I don't understand this. Margin size is an absolute value in inches right? So it will be the same irrespective of the trim size? So yes, it seems like there is a printing error but how do you come to the conclusion that they are resizing the pdf?


----------



## notjohn (Sep 9, 2016)

>how do you come to the conclusion that they are resizing the pdf?

What else could it be? The text has been enlarged while the trim size remains the same. 

Two possible impacts:

1) I have mostly used OpenOffice Writer to finish up the book begun in Word 2007. (I do the trim size and margins in Word, but all the tweaking of chapter headings, hyphens, and widows&orphans in the simpler word processor.) The most recent book however was done in LibreOffice Writer.

2) To eliminate page numbers in the front matter, I open the OOW/LOW pdf in an old version of Acrobat (4, I think it is) that enables me to white-out things I don't want. However, many of my previous books got the same treatment. Using Styles to do this is a tedious chore in Word, OpenOffice, and LibreOffice.


----------



## HarperWhitmore (Nov 19, 2013)

Don't wait to contact support if it's happening to you because republishing doesn't always fix it. 
There is a problem and their tech staff are looking into it so let them know if you have a problem asap.


----------



## 9 Diamonds (Oct 4, 2016)

We're having the same problem with two of our titles. I've written to Amazon twice now and republished the titles. They are unavailable only on the US store, where they've also dropped out of KU. All other territories are unchanged.


----------



## wearywanderer64 (Jan 27, 2013)

My ebook just disappeard yesterday. What's happening?


----------



## Erin Zarro (Apr 30, 2011)

So far, mine are all live. Scary that they can just disappear books like that for no reason.


----------



## 9 Diamonds (Oct 4, 2016)

Amazon responded and all seems fixed now. However, there's still a glitch with our two titles in question: the Look Inside feature isn't working for them.

This is the response to my initial concern:

_Please be informed that we experienced a technical problem where few books are not buyable for some time. This is the reason why you experiences the buyability issue for the below two books:This is a known issue and please know the issue has been fixed now. Rest assured that the above books are currently Live and available for sale on our website and the also there no issues with the Kindle Unlimited enrollment for the above two books._


----------



## Desmond X. Torres (Mar 16, 2013)

wearywanderer64 said:


> My ebook just disappeard yesterday. What's happening?


Are yours live now? If not, send an email.

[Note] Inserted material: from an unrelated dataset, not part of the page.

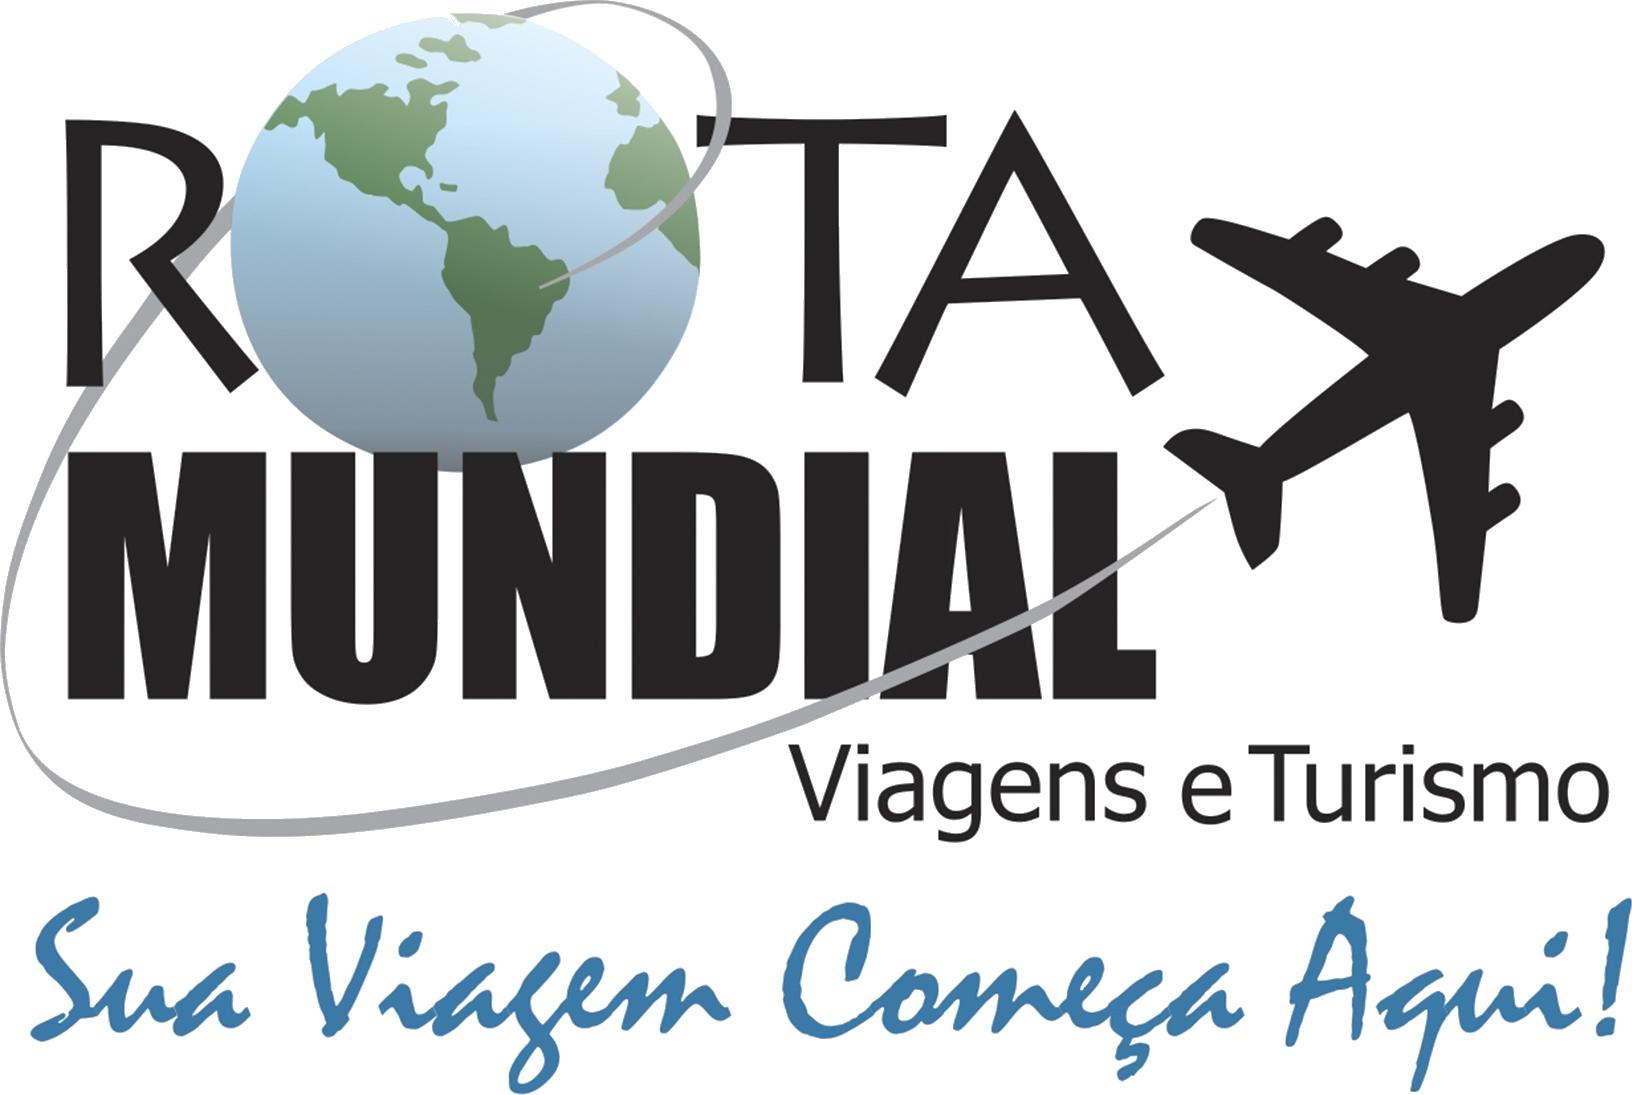 ROTA MUNDIAL VIAGENS E TURISMO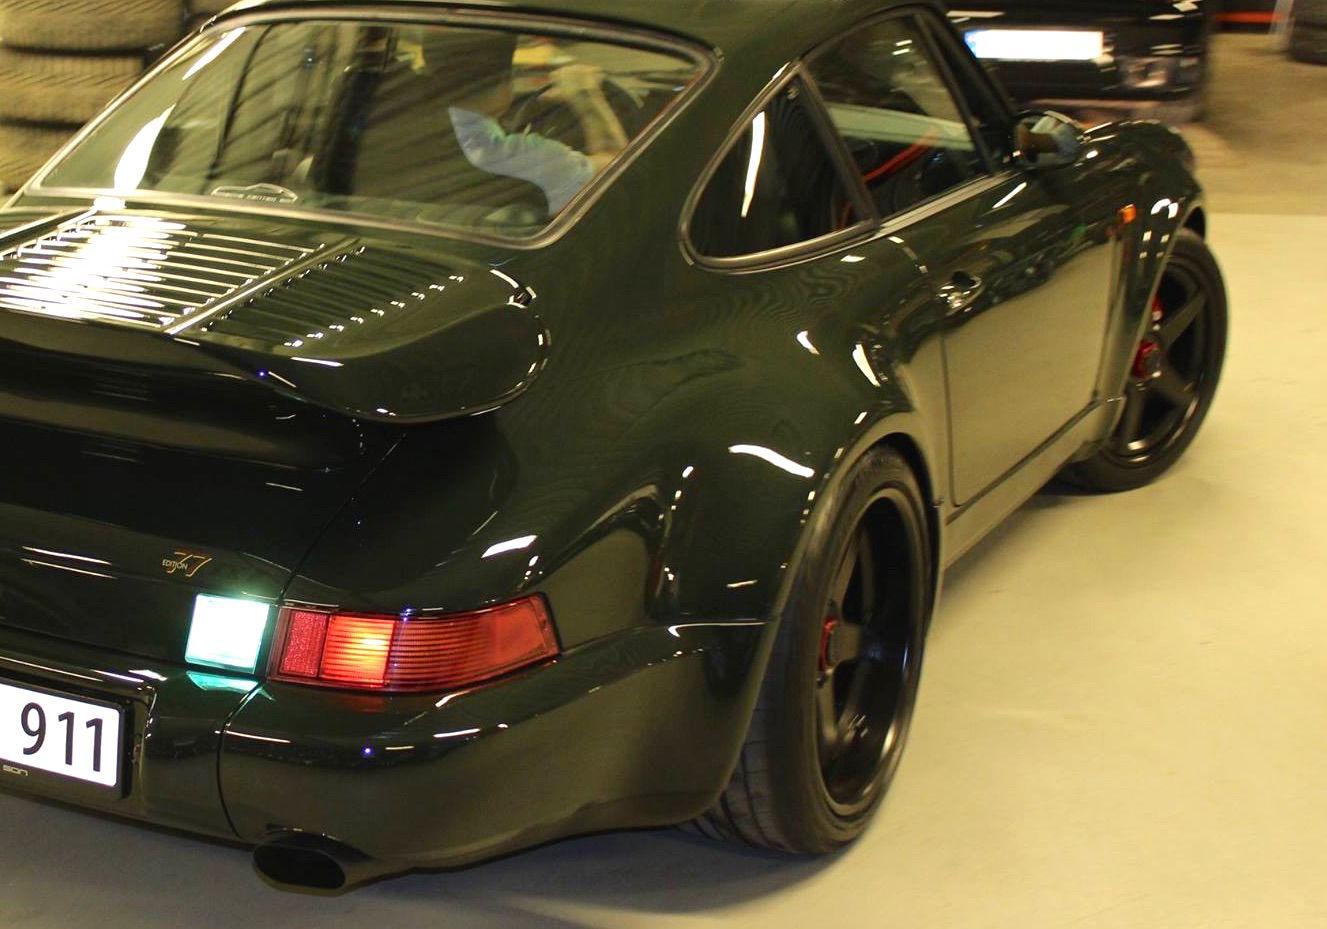 1992 Porsche 964 | Porsche Center RUF Porsche on CF3C Centerlock in Norway

We never got a response, but the book did pop back up as normal w/in 36 hrs of sending the email.


----------



## Ashmor (Jun 13, 2018)

Desmond X. Torres said:


> Are yours live now? If not, send an email. We never got a response, but the book did pop back up as normal w/in 36 hrs of sending the email.


Could you tell me what's Amazon's support email address, please?


----------



## 9 Diamonds (Oct 4, 2016)

Ashmor said:


> Could you tell me what's Amazon's support email address, please?


Go to Amazon's community page, here:
https://www.kdpcommunity.com/s/?language=en

At the very bottom you will find a small link that says Contact Us. Go there and find the topic you need to contact them about. I wrote to them there under the Bookshelf section.


----------



## Ashmor (Jun 13, 2018)

9 Diamonds said:


> Go to Amazon's community page, here:
> https://www.kdpcommunity.com/s/?language=en
> 
> At the very bottom you will find a small link that says Contact Us. Go there and find the topic you need to contact them about. I wrote to them there under the Bookshelf section.


Thank you!


----------



## Aderyn Wood (Feb 2, 2013)

I am having this issue with four of my books. Two of them are in the middle of a five day free promotion. I am seeing the "unavailable for purchase" sign on the book pages, but they are still registering downloads on my dashboard, which makes me wonder if the are available for purchase for people actually in the US, but not elsewhere (I'm in Australia).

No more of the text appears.